# Sugar Coating...



## harrkim120 (Feb 2, 2010)

chicken thigh + dirt = Brady's favorite food EVER

Brady LOVES dirt and mud. lol
<<<<<<<< (example)

No matter how many times I move the meat off the dirt, he just continues to bring it right back again.


----------



## DaneMama (Jun 27, 2008)

We need to use that picture for the blog...its awesome. Would you mind if we did?

Ours do the same as well, expect they like to roll it in the leaves too LOL :biggrin:


----------



## rannmiller (Jun 27, 2008)

Penny loves her meat seasoned with dirt too.


----------



## harrkim120 (Feb 2, 2010)

danemama08 said:


> We need to use that picture for the blog...its awesome. Would you mind if we did?

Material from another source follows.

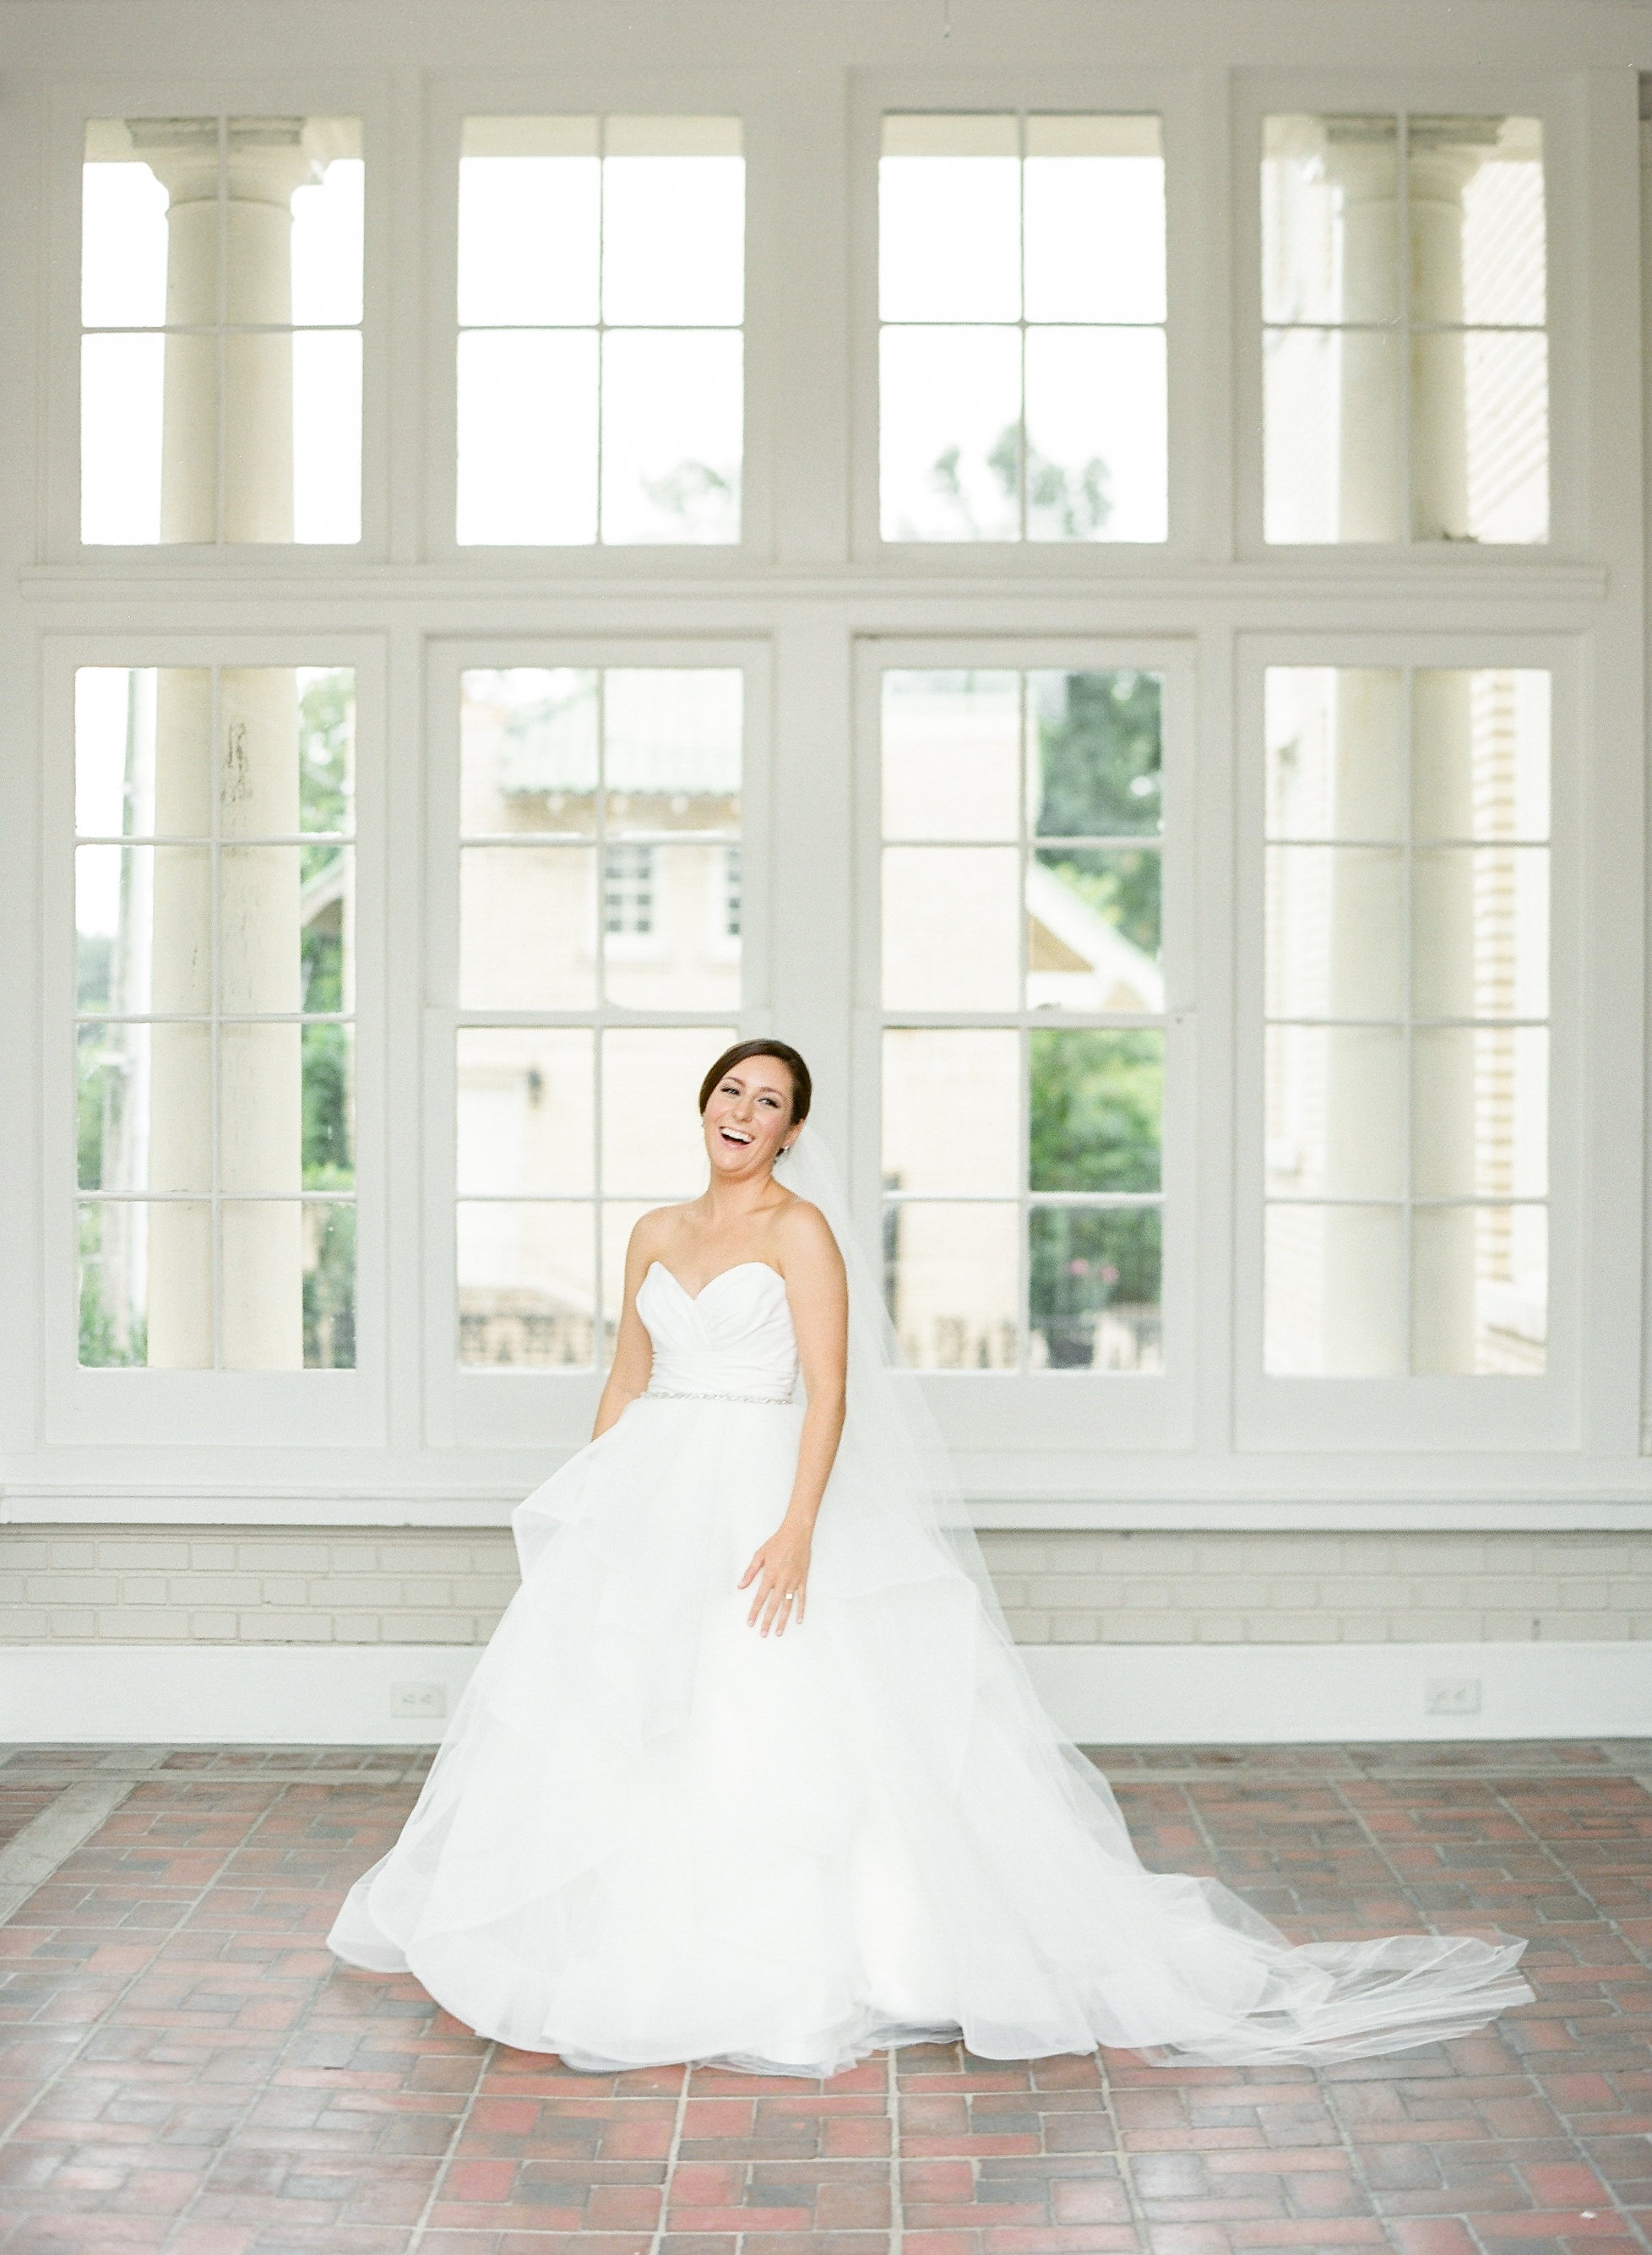 North-Carolina-Bridal-Photographer-Rebecca-1.jpg

Be my guest...I would be honored. :biggrin:

Let me know where if you do...I wanna see!!! lol


----------



## harrkim120 (Feb 2, 2010)

rannmiller said:


> Penny loves her meat seasoned with dirt too.





danemama08 said:


> Ours do the same as well, expect they like to roll it in the leaves too LOL :biggrin:


I think the dirt and leaves make it extra tasty...maybe even some extra minerals? lol


----------



## spookychick13 (Jan 26, 2010)

Great pic!


----------